The architecture of JCS-Net

The loss of JCS-Net is the joint of two sub-networks. The loss of super-resolution sub-network can be calculated by mean squared error as:
$$\displaystyle \begin{aligned} L_{similarity} = \frac{1}{n}\sum_{i=1}^{n}||{\mathbf{y}}_i-F({\mathbf{x}}_i)||{}^2, \end{aligned} $$
(25)
where yi is large-scale pedestrian, xi is small-scale pedestrian, F(xi) is the reconstructed pedestrian by super-resolution sub-network, and n is the number of training samples. The loss of classification can be written as:
$$\displaystyle \begin{aligned} L_{cls} = \frac{1}{n}\sum_{i=1}^{n}-\log p_c({\mathbf{x}}_i), \end{aligned} $$
(26)
where c is the ground-truth label of xi and pc(xi) is the probability that xi belongs to class c. Based on Lsimilarity and Lcls, the joint loss of JCS-Net (i.e., LJCS) can be expressed as:
$$\displaystyle \begin{aligned} L_{JCS} = L_{cls}+\lambda L_{similarity}, \end{aligned} $$
(27)
where λ is used to balance two terms (i.e., Lcls and Lsimilarity) which is set to be 0.1 by cross-validation.
To detect multi-scale pedestrians, multi-scale MCF can be trained based on JCS-Net or original HOG+LUV and VGG16. Generally, MCF-V is trained based on original HOG+LUV and VGG16, which is used for large-scale pedestrian detection. MCF-J is trained based on JCS-Net, which is used for small-scale pedestrian detection. Figure 27 gives an illustration of multi-scale MCF. Pedestrians of different scales are divided into several different subsets (i.e., subset 1, subset 2, …, subset N) according to the height of pedestrians. The different subsets can contain some overlapped images. In Fig. 27, two detectors on subset 1 and subset 2 are trained based on MCF-J. The other detectors are trained based on MCF-V. In the test stage, the detection results of each detector are added together before NMS.
Fig. 27

The illustration of multi-scale MCF

The original pedestrians on Caltech training set are split into three different subsets, which are called “train-all,” “train-small,” and “train-large,” respectively. “Train-all” subset contains all the pedestrians, “train-small” subset contains the pedestrians under 100 pixels tall and the interpolated pedestrians over 100 pixels tall, and “train-large” subset contains the pedestrians over 80 pixels tall. The two subsets of Caltech test set (i.e., reasonable and small) are used for evaluation. The reasonable test set means that pedestrians are over 50 pixels tall under no or partial occlusion, and the small test set means that pedestrians are under 100 pixels tall and over 50 pixels tall. Namely, the small test set belongs to the reasonable test set.
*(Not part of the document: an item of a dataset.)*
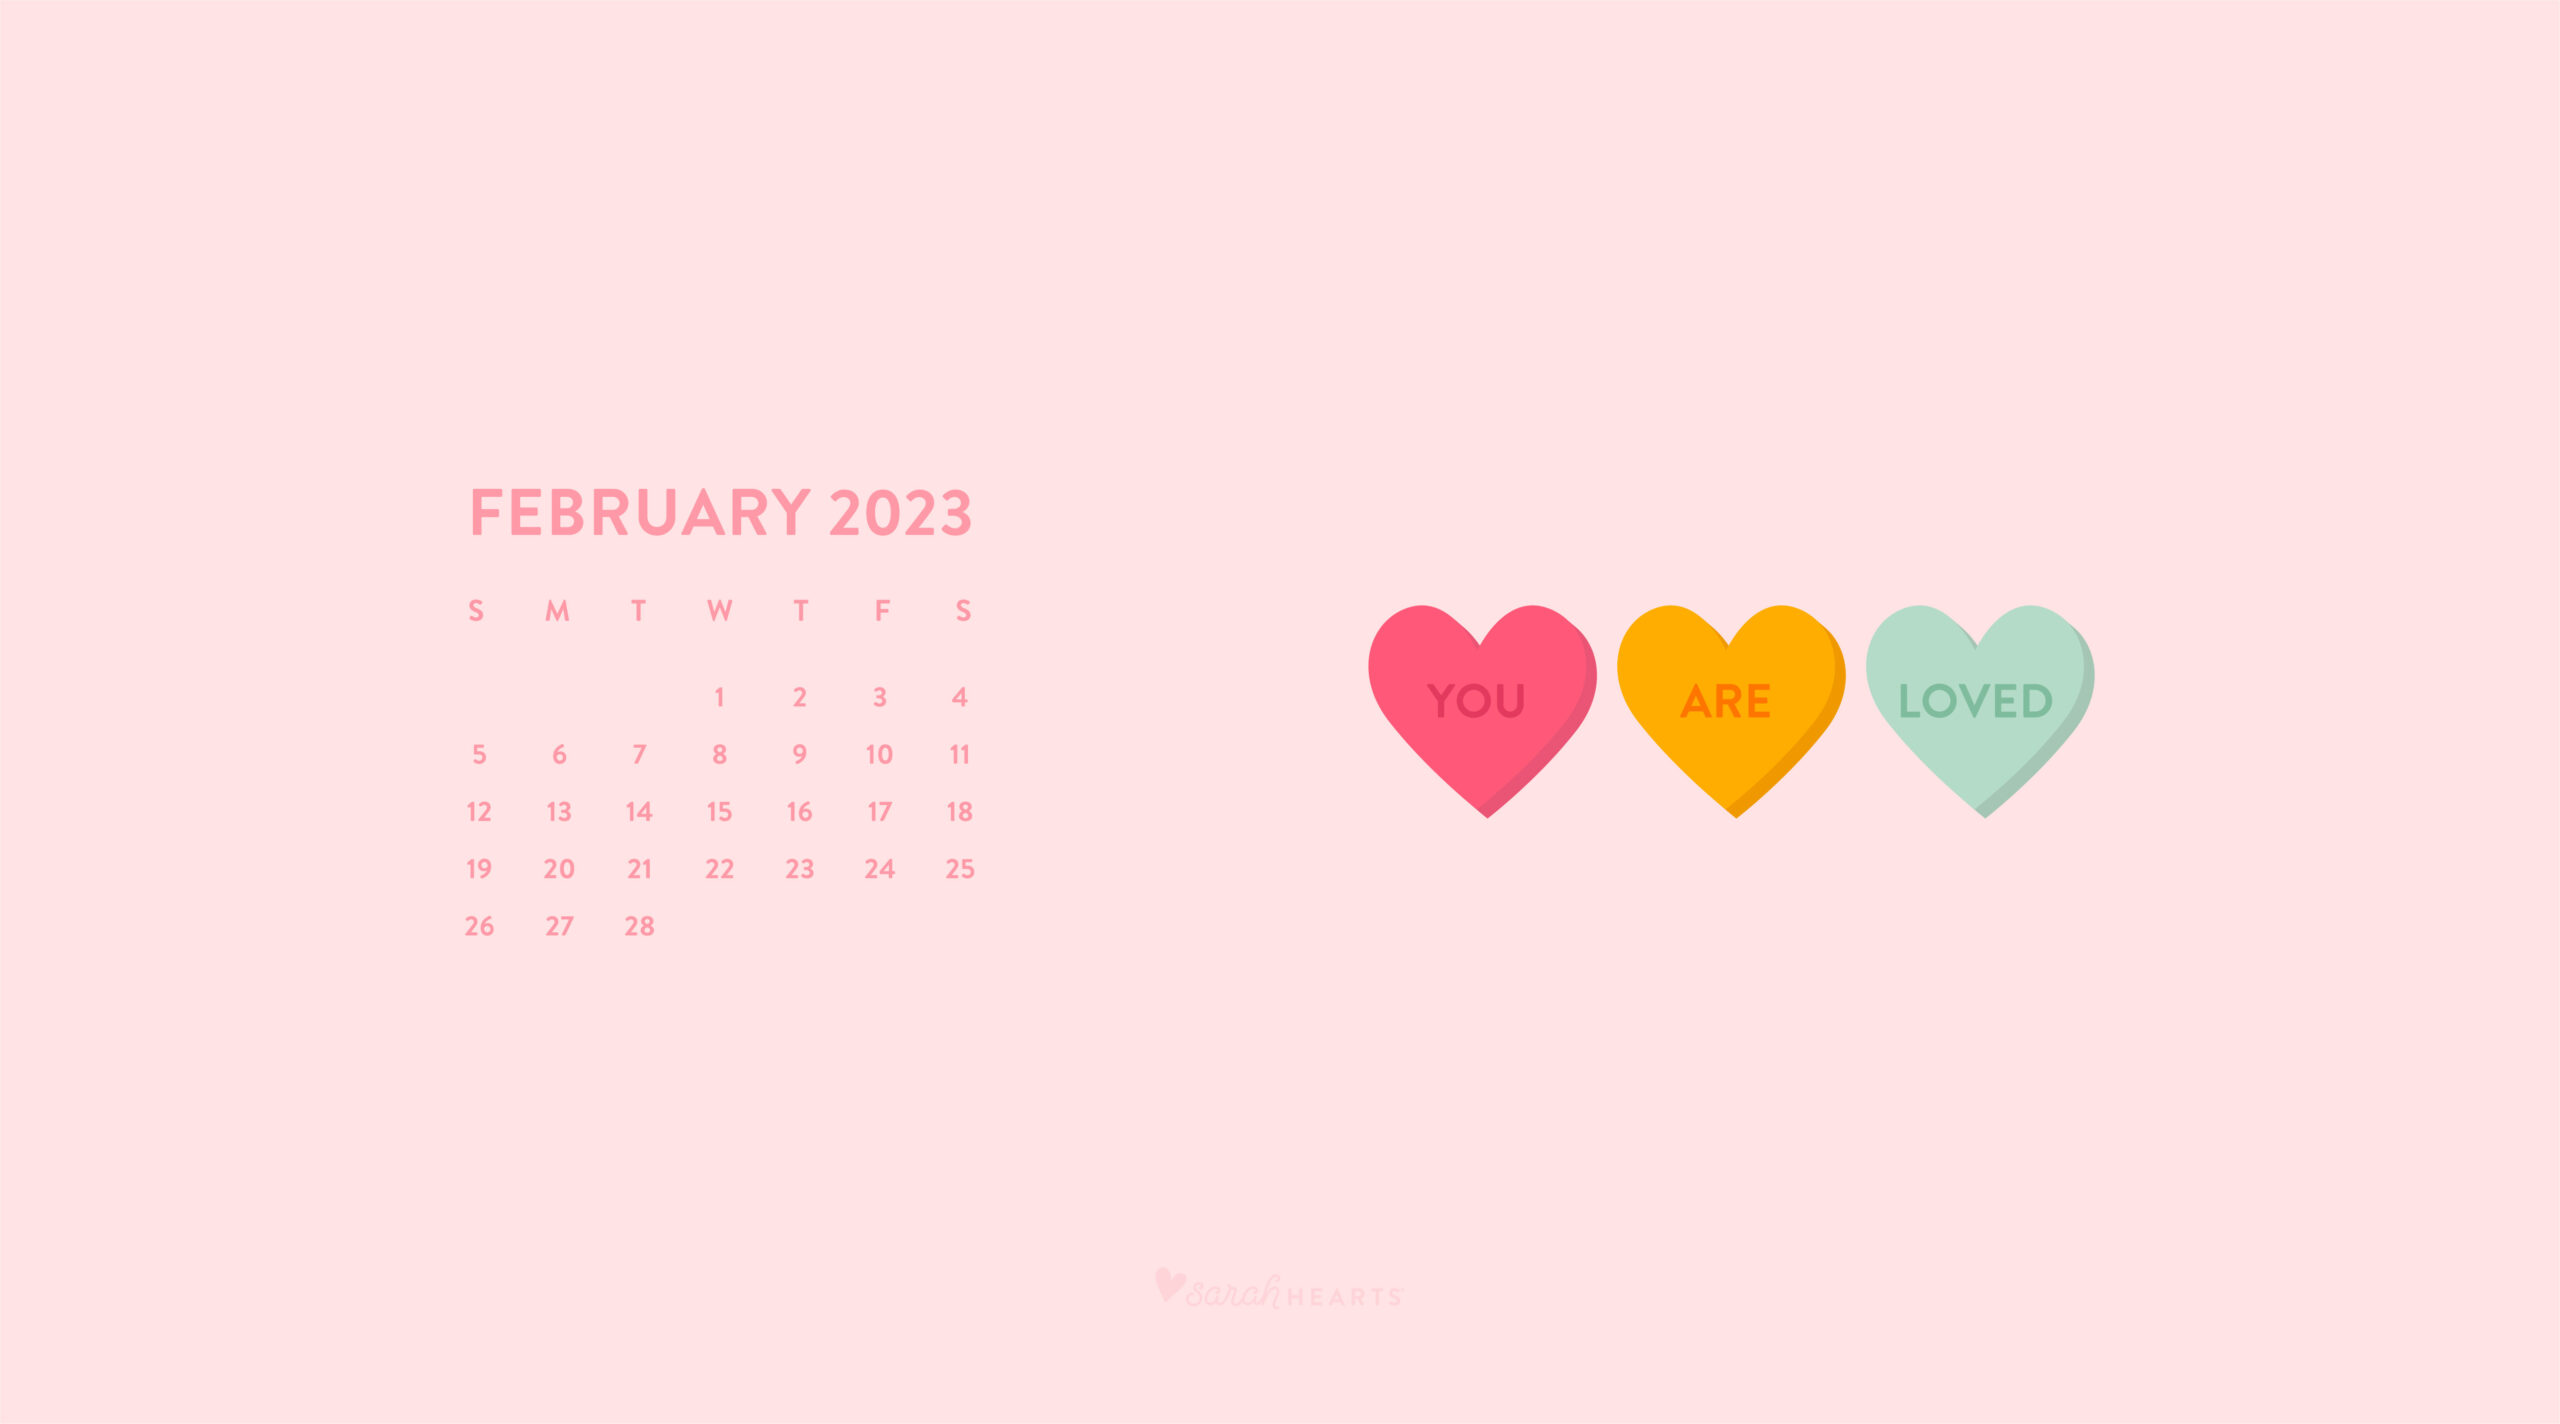 February 2023 wallpapers  60 FREEBIES for desktop  phones
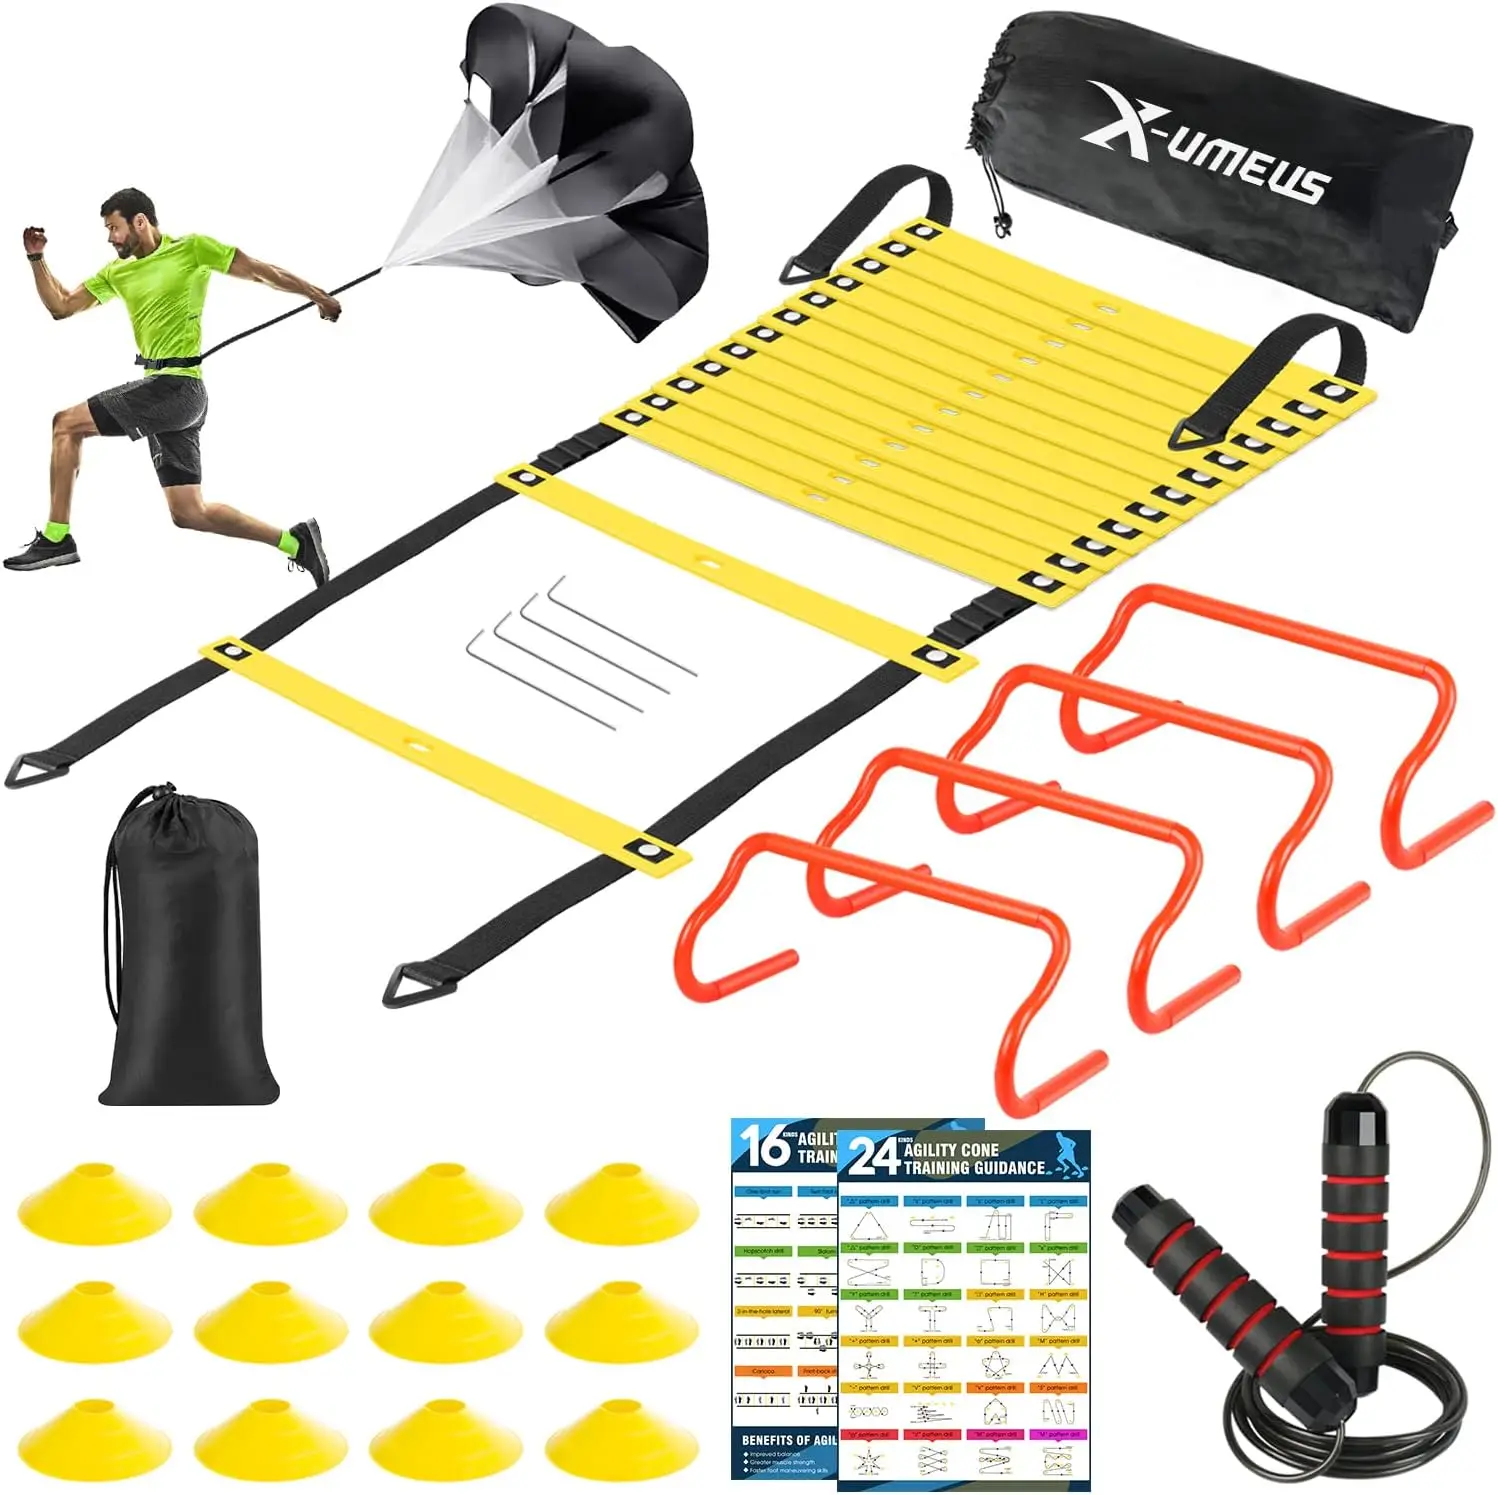 

Teenage/children training equipment kit, 20 foot agility ladder, 12 football cones, 4 hurdles, jump rope, running parachute

Table 7 shows the miss rates of MCF-V and MCF-J trained on “train-small” training set. MCF-J outperforms MCF-V on the reasonable test set and the small test set, especially on the small test set. Two ablation experiments are also conducted: (1) The first one is that setting λ of (27) is 0, which aims to show the influence of depth of JCS-Net. It is called MCF-C. (2) The second one is that the super-resolution sub-network and classification sub-network are not jointly trained, which aims to show the importance of the joint multitask training. It is called MCF-S. Both MCF-C and MCF-S are superior to MCF-V and inferior to MCF-J. It means that though deeper depth and simple super-resolution can improve detection performance, the joint multitask training of JCS-Net is important, which can further improve detection performance.
Table 7

Miss rates (MR) of MCF-V and MCF-J are shown on Caltech test set. MCF-V is learned based on HOG+LUV and the fine-tuned VGG16. MCF-J is learned based on HOG+LUV and the proposed JCS-Net

Method

Training set

Reasonable

Small

MCF-V

“train-small”

13.20%

14.28%

MCF-J

“train-small”

11.07%

11.72%

ΔMR

2.13%

2.56%

Ablation experiments

MCF-C

“train-small”

12.23%

13.02%

MCF-S

“train-small”

12.65%

13.50%

Based on three training sets (i.e., “train-all,” “train-small,” and “train-large”), MS-V and MS-J are trained. They both contain three different detectors. The difference is that on “train-small” training set, MS-V uses MCF-V, and MS-J uses MCF-J. Table 8 shows the miss rates of MS-V and MS-J on Caltech test set. The miss rates of MS-J have 0.86% and 0.91% lower than that of MS-V on reasonable test set and small test set. It demonstrates the effectiveness of MS-J.
Table 8

Miss rates (MR) of MS-V and MS-J are shown on Caltech test set. MS-V means multi-scale MCF based on fine-tuned VGG16. MS-J means multi-scale MCF based on JCS-Net

Method

Detectors

Training set

Reasonable

Small

 

MCF-V

“train-small”

  

MS-V

MCF-V

“train-large”

9.67%

10.48%

 

MCF-V

“train-all”

  
 

MCF-J

“train-small”

  

MS-J

MCF-V

“train-large”

8.81%

9.57%

 

MCF-V

“train-all”

  

ΔMR

0.86%

0.91%

Finally, MS-J is compared to some state-of-the-art methods (i.e., Roerei [2], ACF [16], LDCF [43], TA-CNN [59], Checkerboards [73], DeepParts [58], CompACT-Deep [4], and MS-CNN [5]) on Caltech test set. Figure 28 shows the ROC. MS-J achieves state-of-the-art performance, which outperforms MS-CNN by 1.14%.
Fig. 28

ROC on Caltech test set. MS-J is compared to some state-of-the-art methods

4.2 Occlusion Problem

Object occlusion is very common. For example, in [15], Dollar et al. found that most pedestrians (about 70%) in street scenes are occluded in at least one frame. Thus, detecting occluded object is very necessary and important for computer vision application. In the past decade years, researchers have done many attempts to solve occlusion problem.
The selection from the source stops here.